Supplied information |
Segment Open

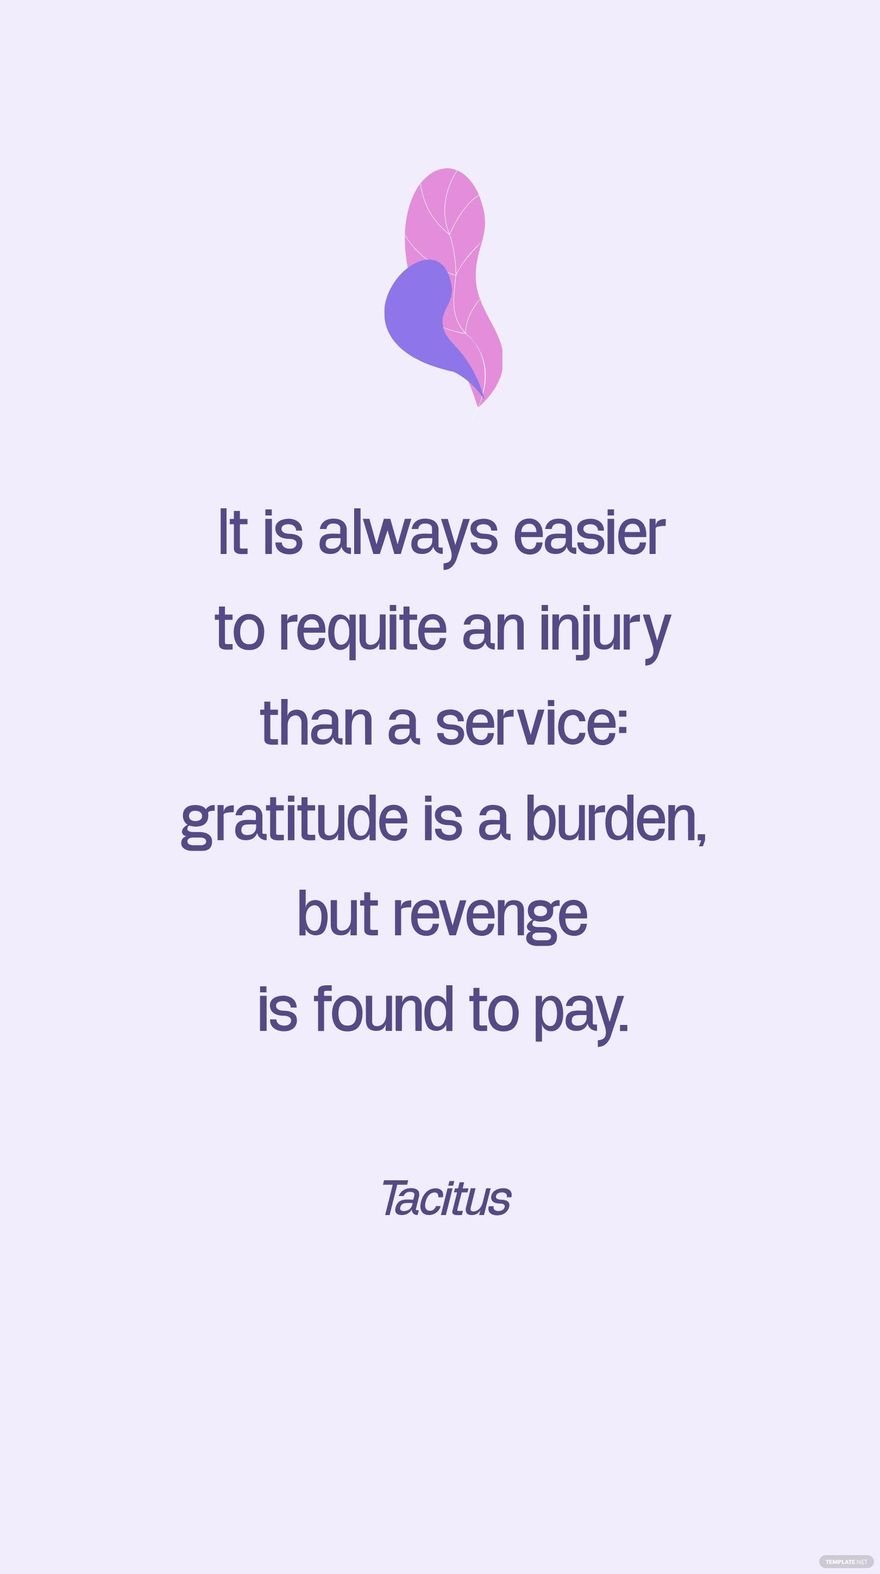 Tacitus - It is always easier to requite an injury than a service: gratitude is a burden, but revenge is found to pay. in JPG
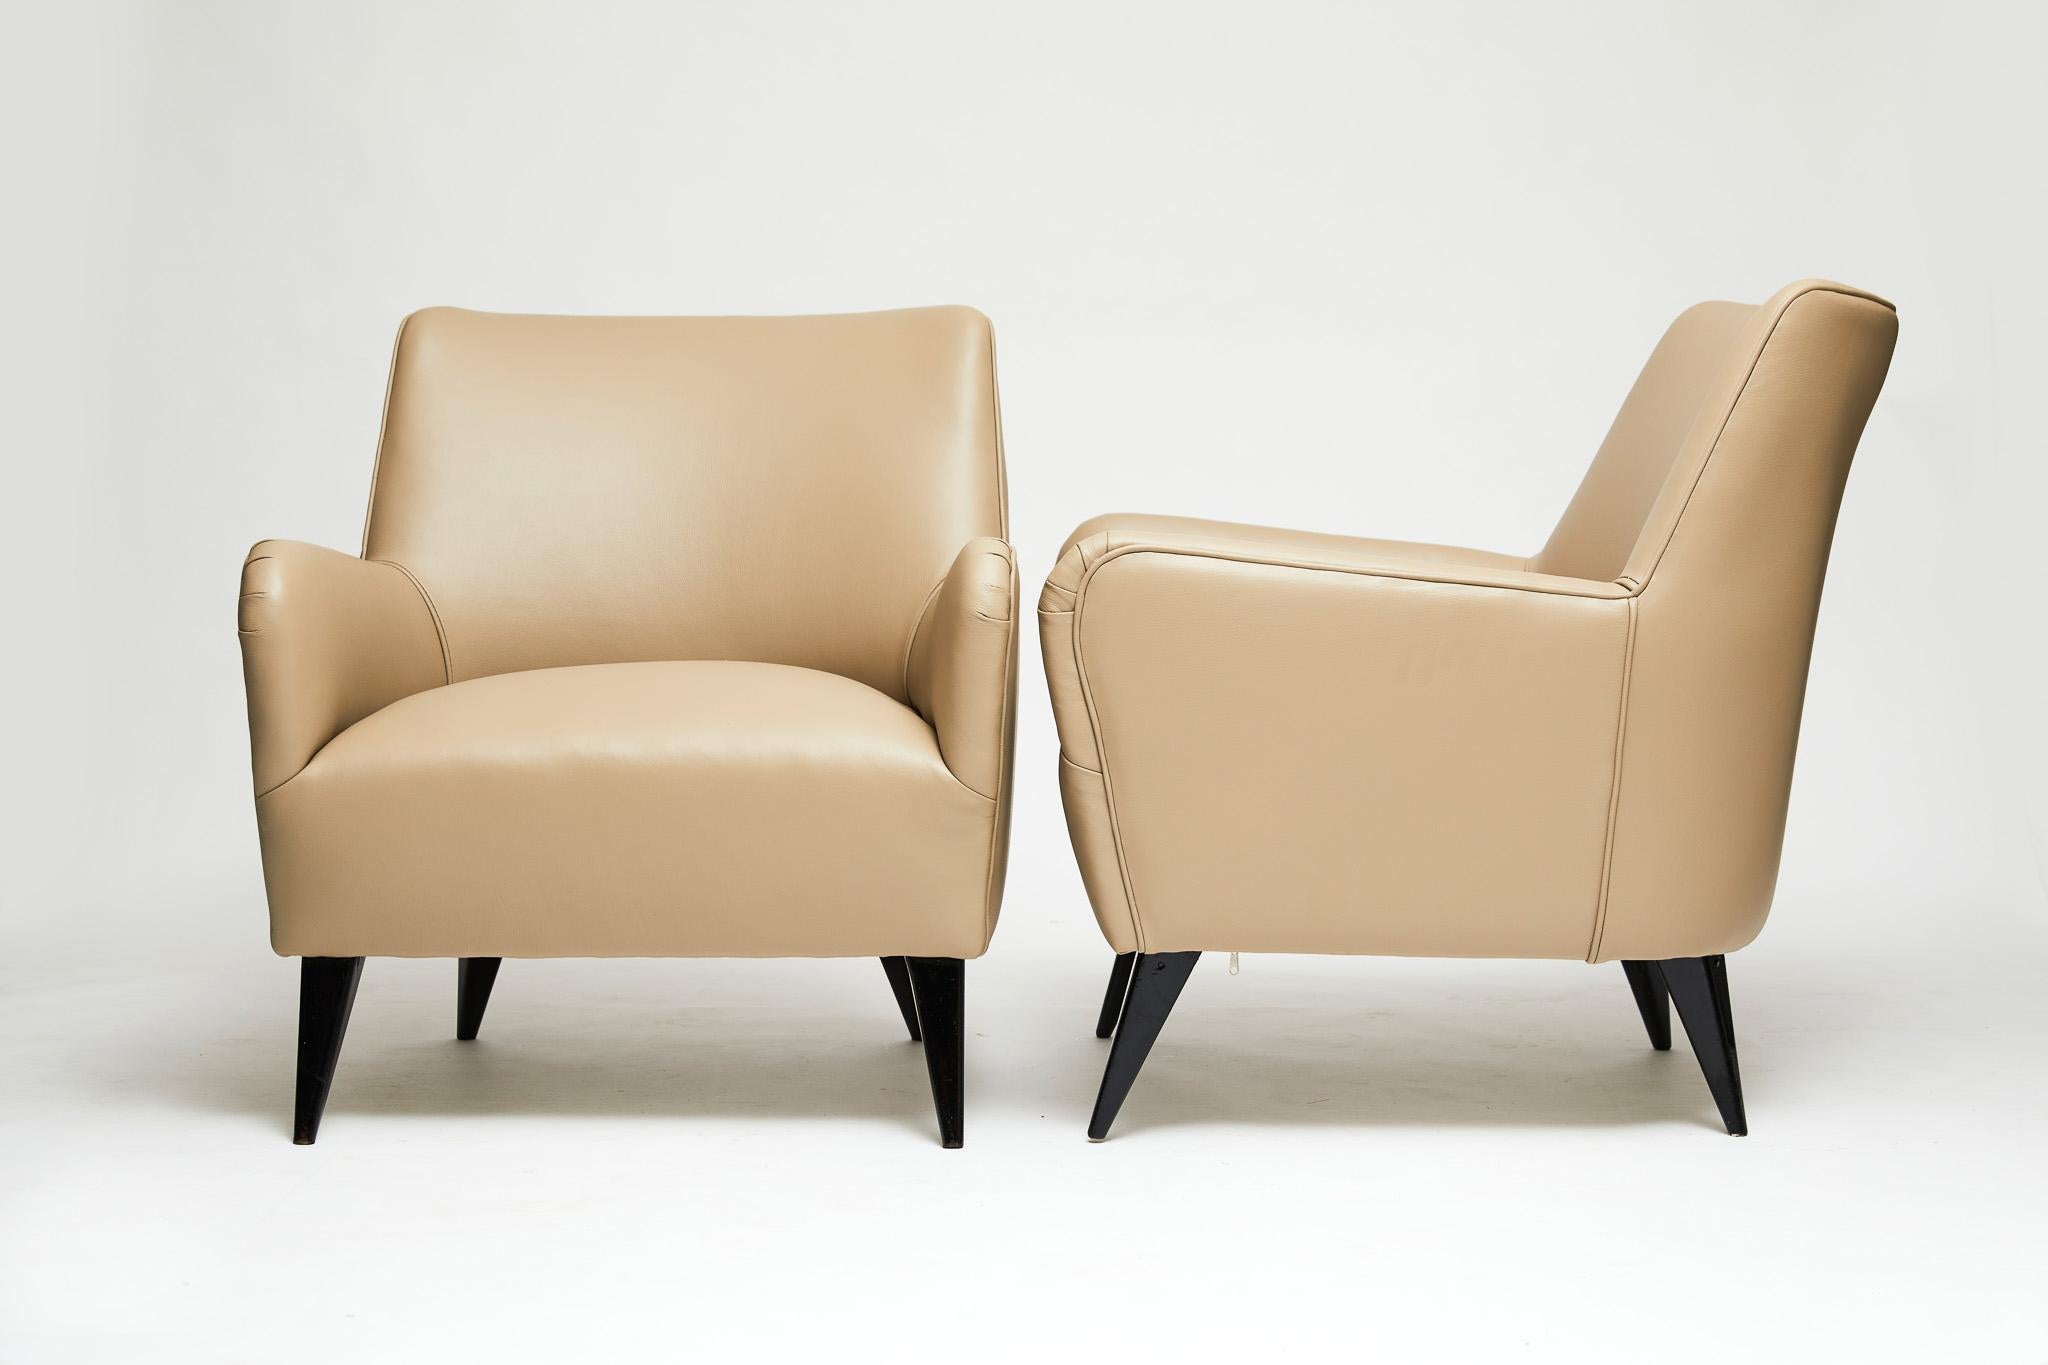 Hand-Crafted Mid-Century Modern Armchairs in Leather & Wood by Joaquim Tenreiro, 1955, Brazil For Sale
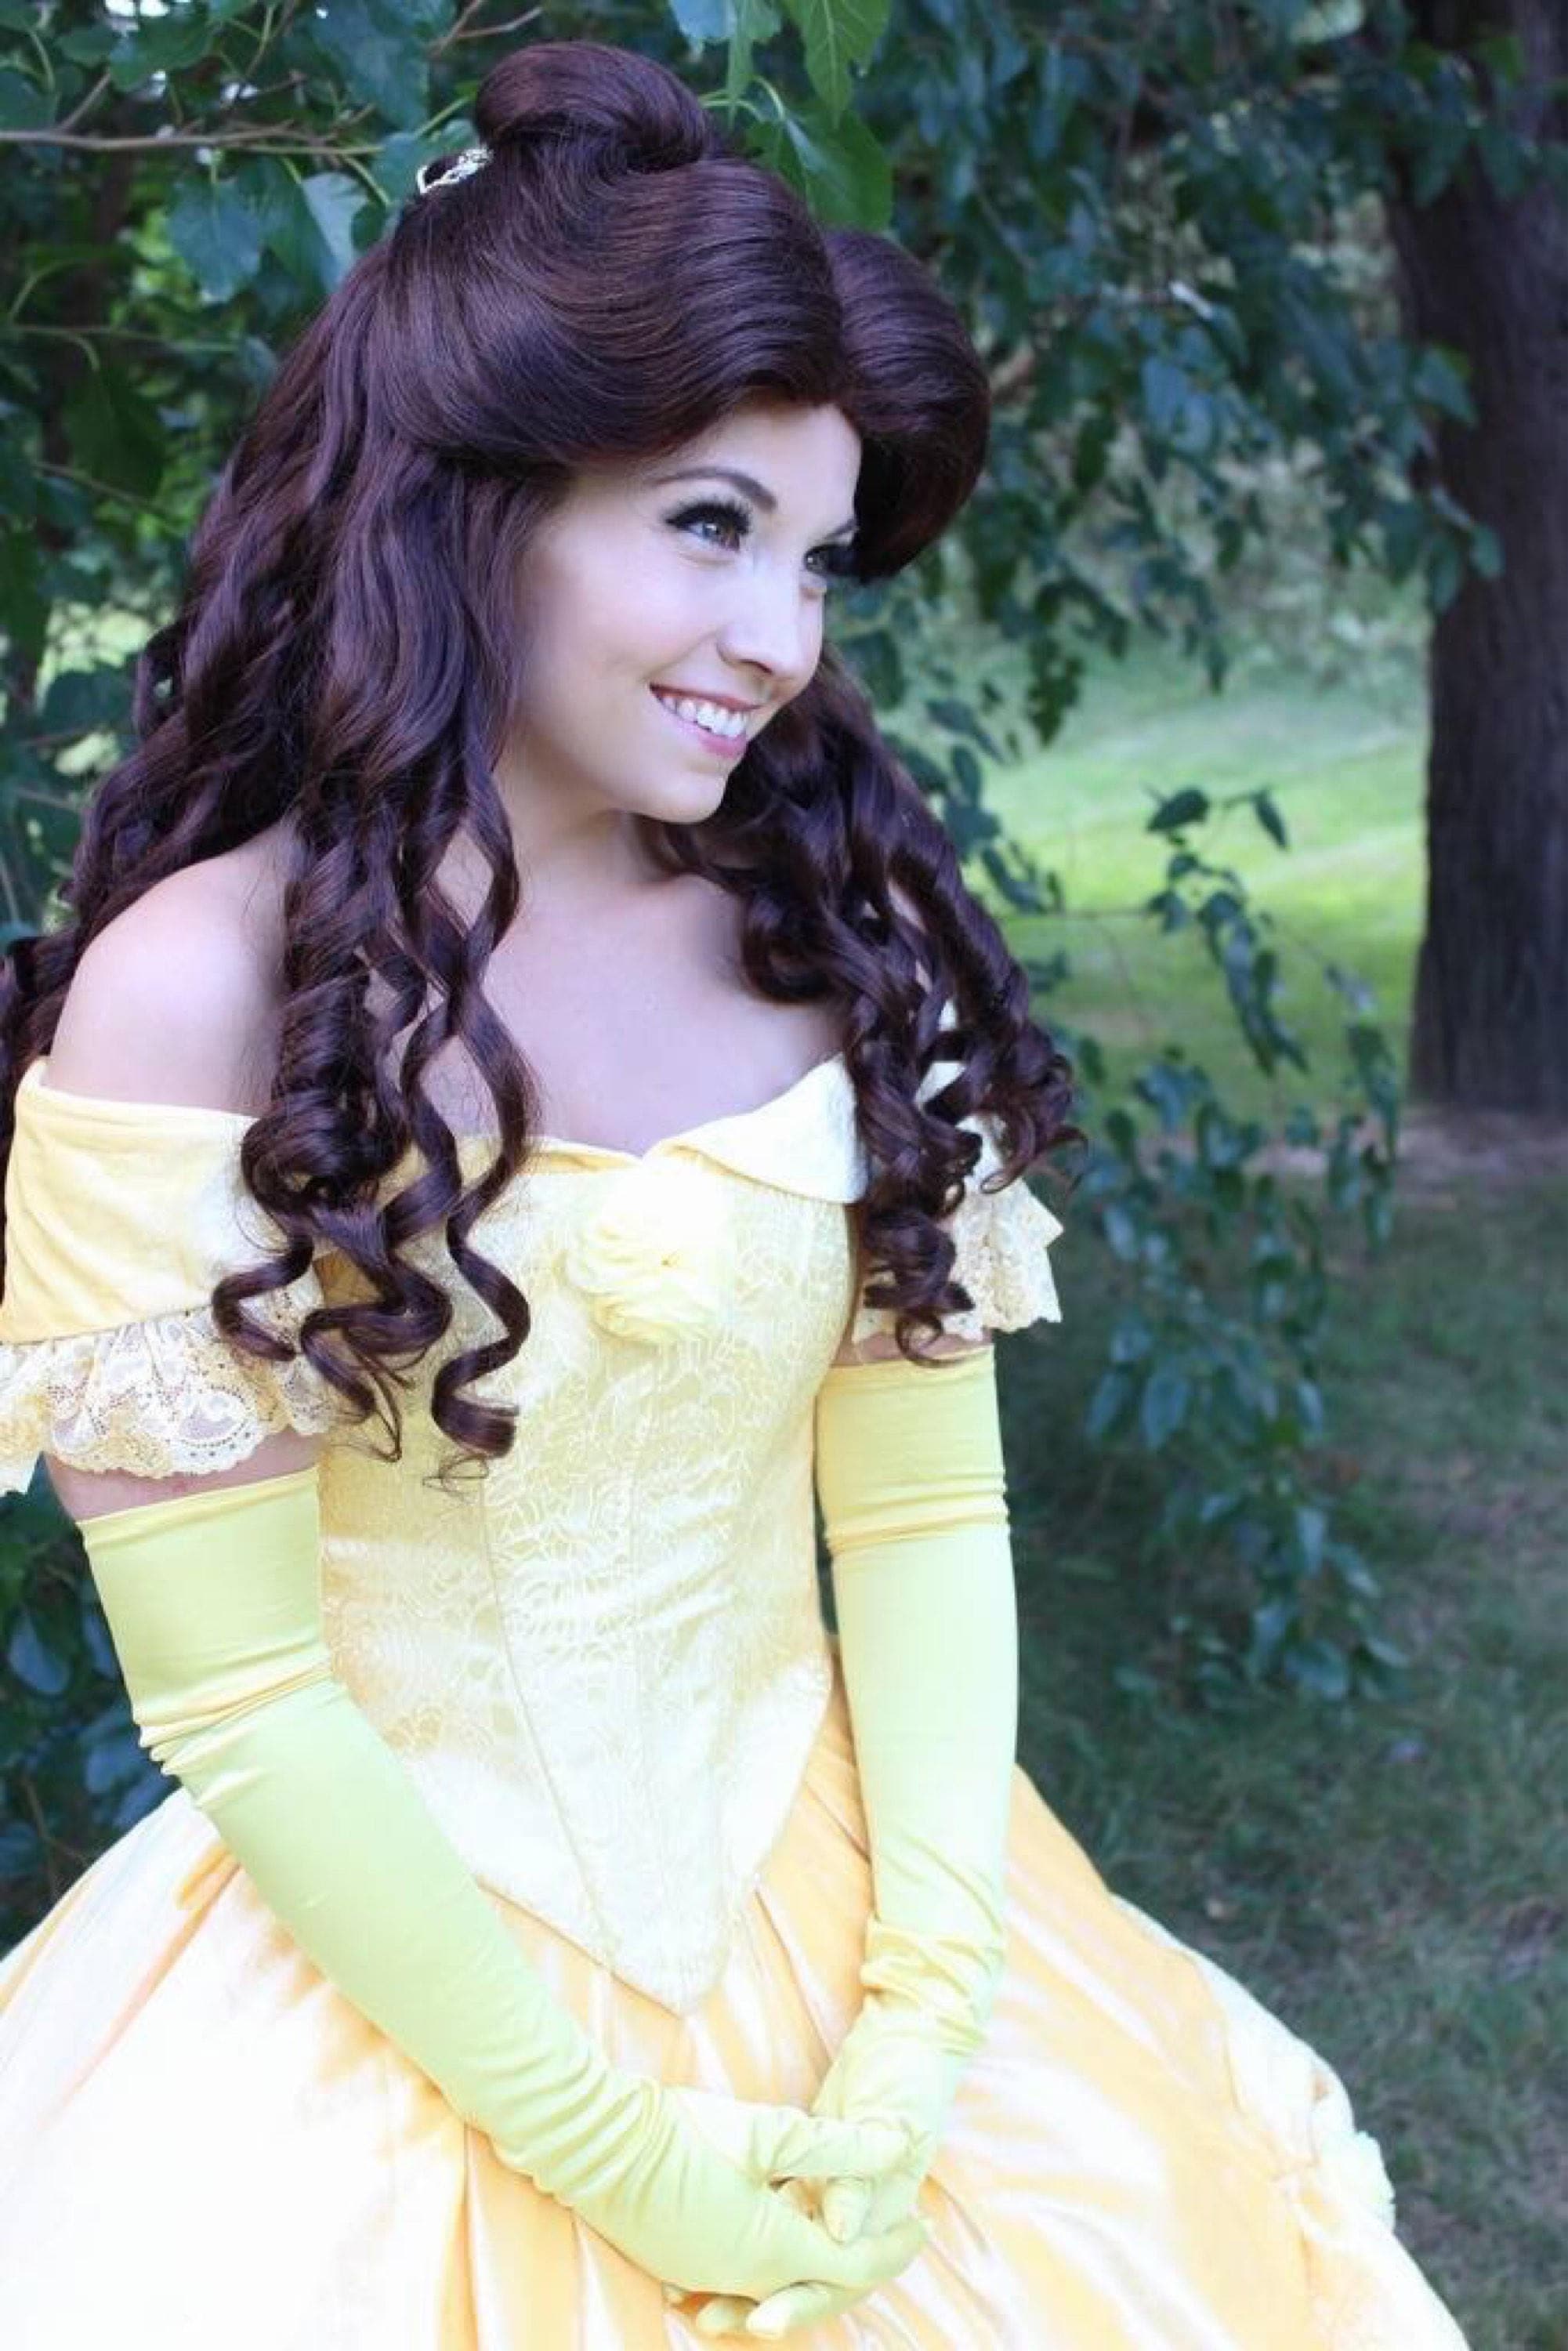 Beauty and the Beast Belle Gown Cosplay Dress | Etsy

Segment Closed

Requirement | Final stretch of the data: repeat exactly each line from the one containing "Hand-Crafted Mid-Century Modern" through the last, and omit all pictures.

Task response |
 Hand-Crafted Mid-Century Modern Armchairs in Leather & Wood by Joaquim Tenreiro, 1955, Brazil For Sale
 Beauty and the Beast Belle Gown Cosplay Dress | Etsy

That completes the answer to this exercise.